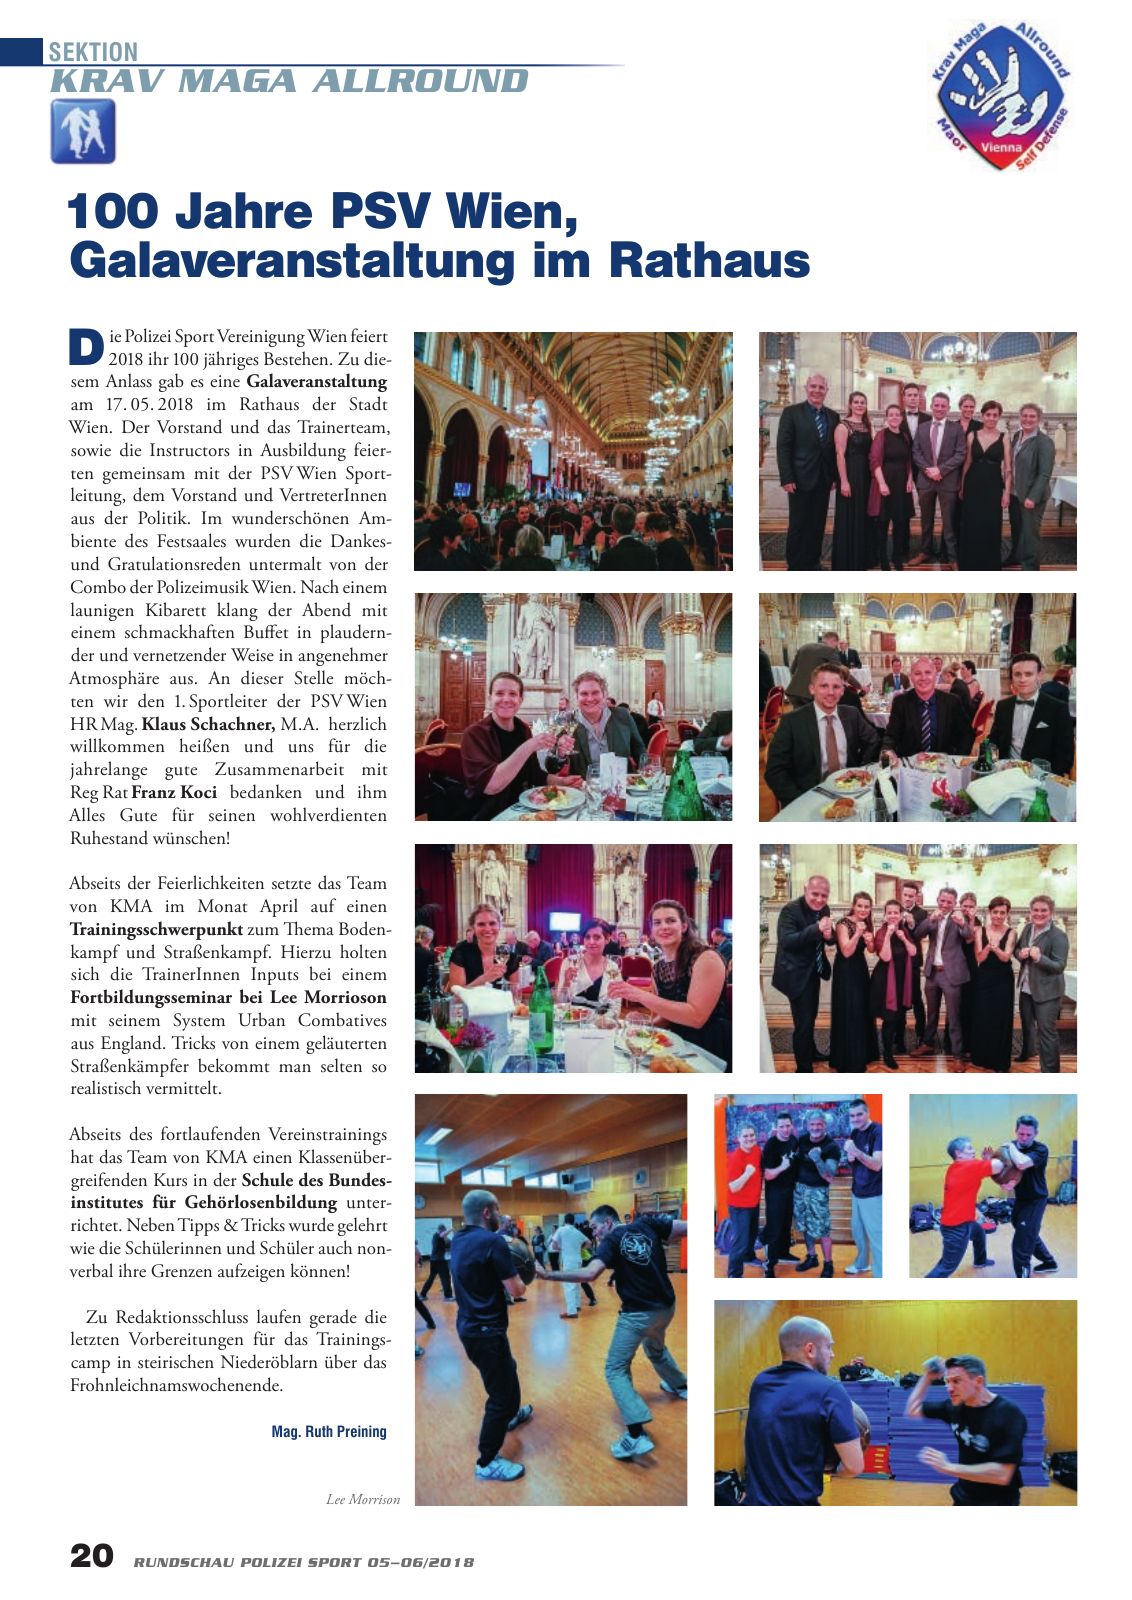 Vorschau Rundschau Polizei Sport 05-06/2018 Seite 20
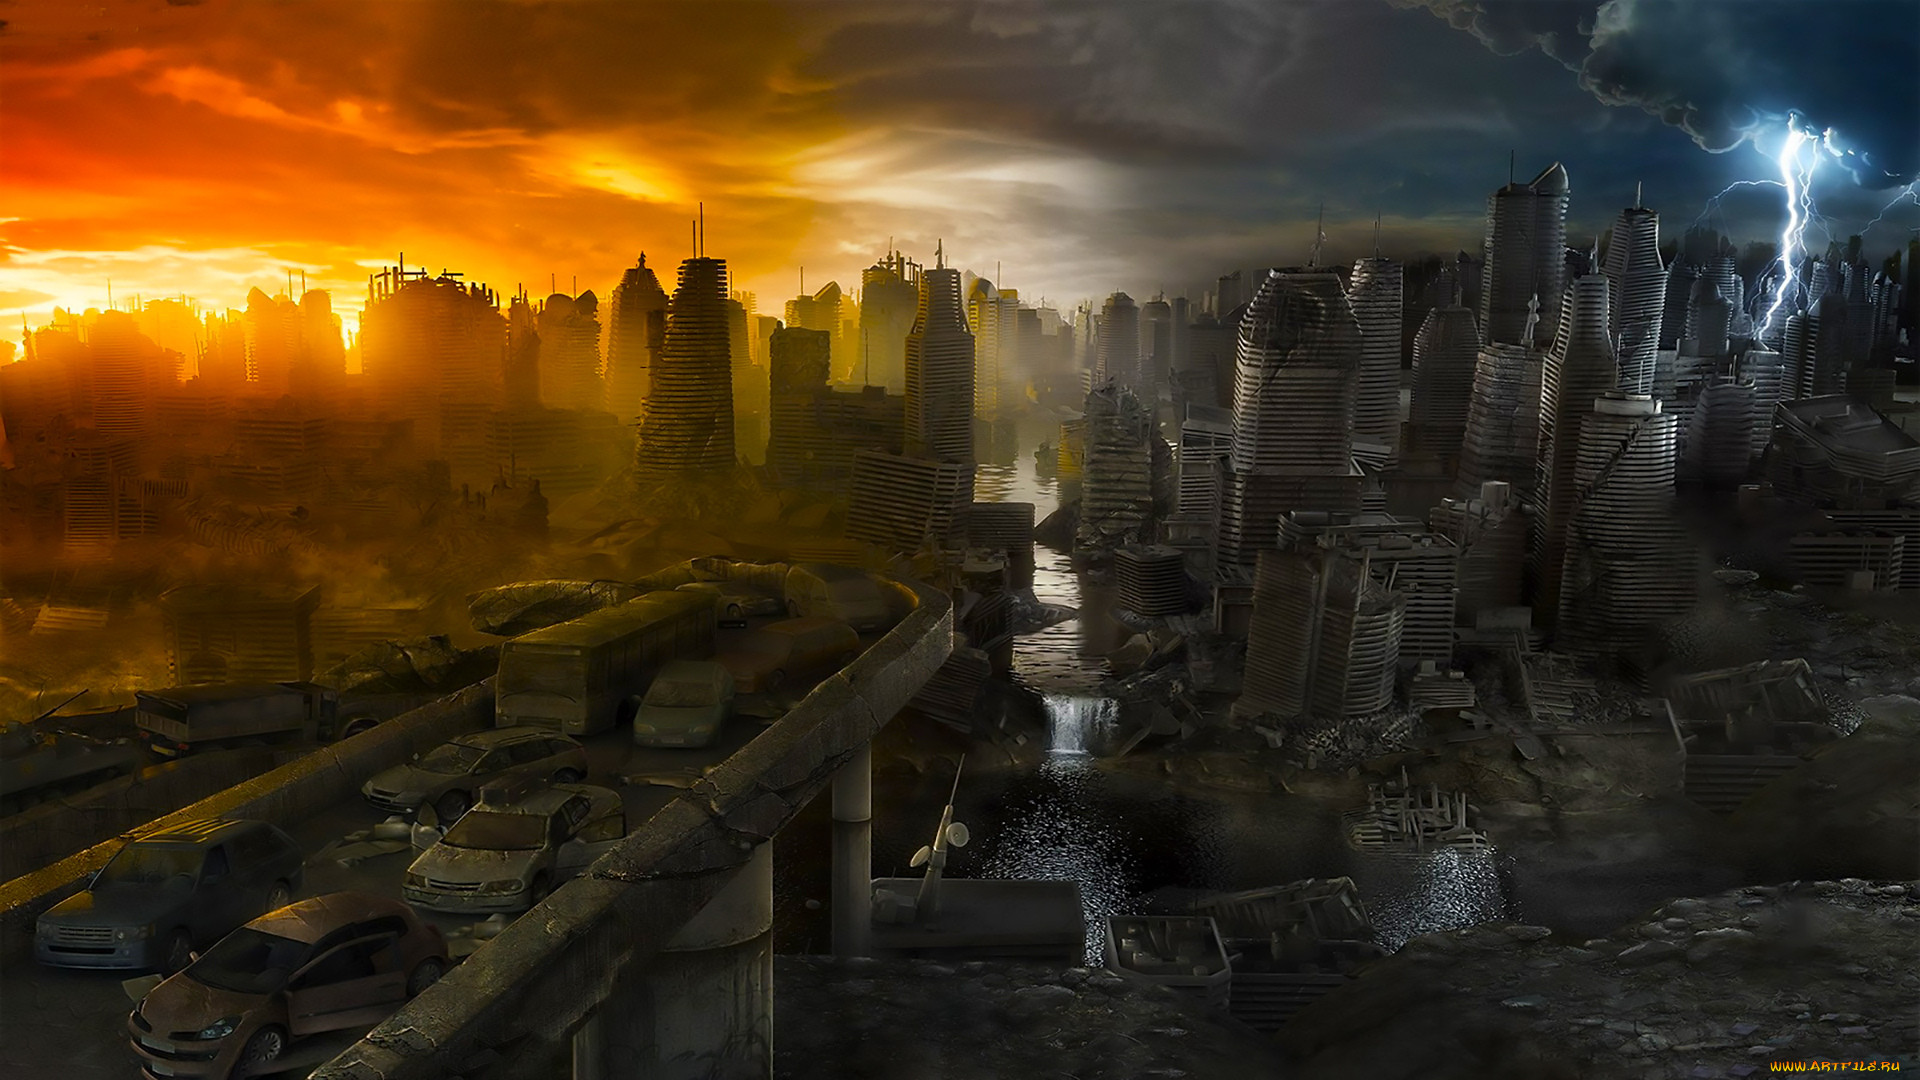 Нужна конец света. Разрушенный город. Город после апокалипсиса. Разрушенный город будущего. Конец света.
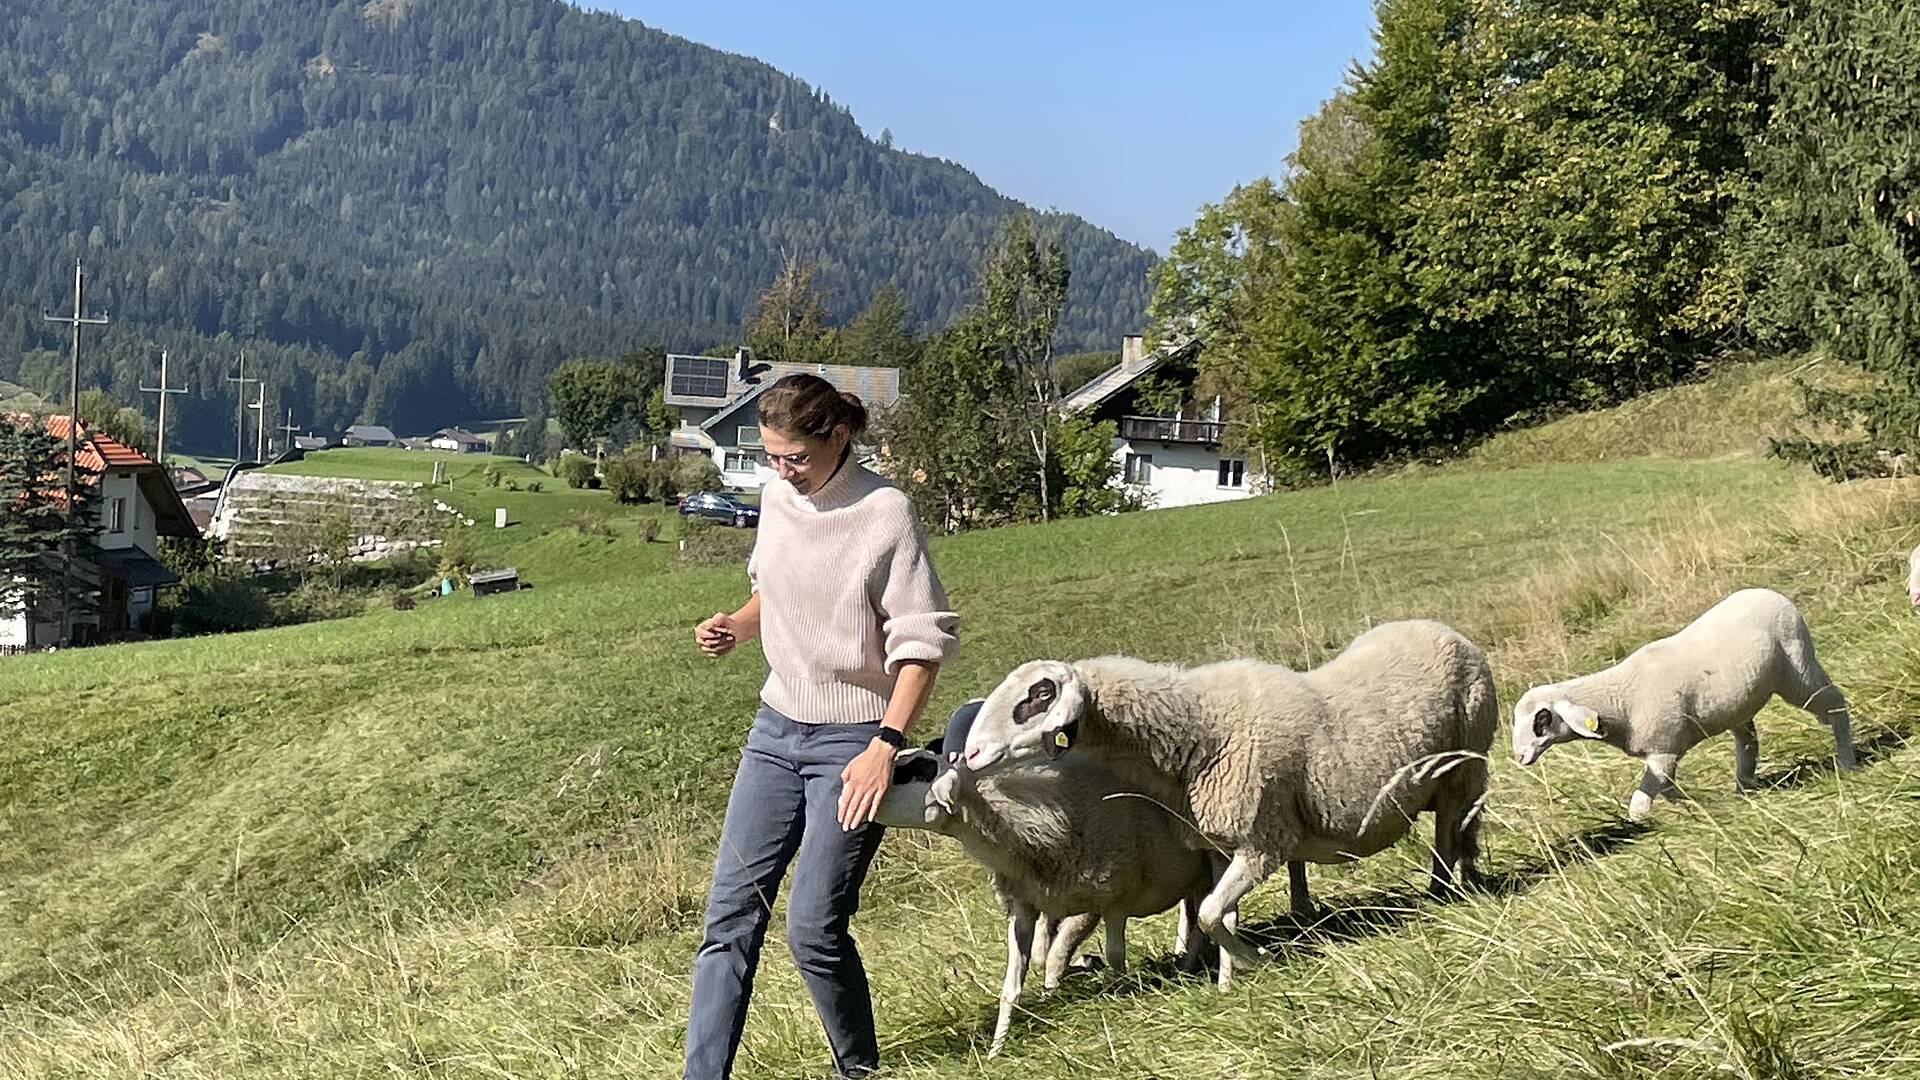 Am Weissensee mit Schafe auf der Weide.

• EXERCISE DIRECTIONS:
Transcribe exactly the span of lines from the line holding "Нужна конец света." through the last line above, both included. Pictures stay out.

• OUTPUT FOR THIS TASK:
 Нужна конец света. Разрушенный город. Город после апокалипсиса. Разрушенный город будущего. Конец света.
 Am Weissensee mit Schafe auf der Weide.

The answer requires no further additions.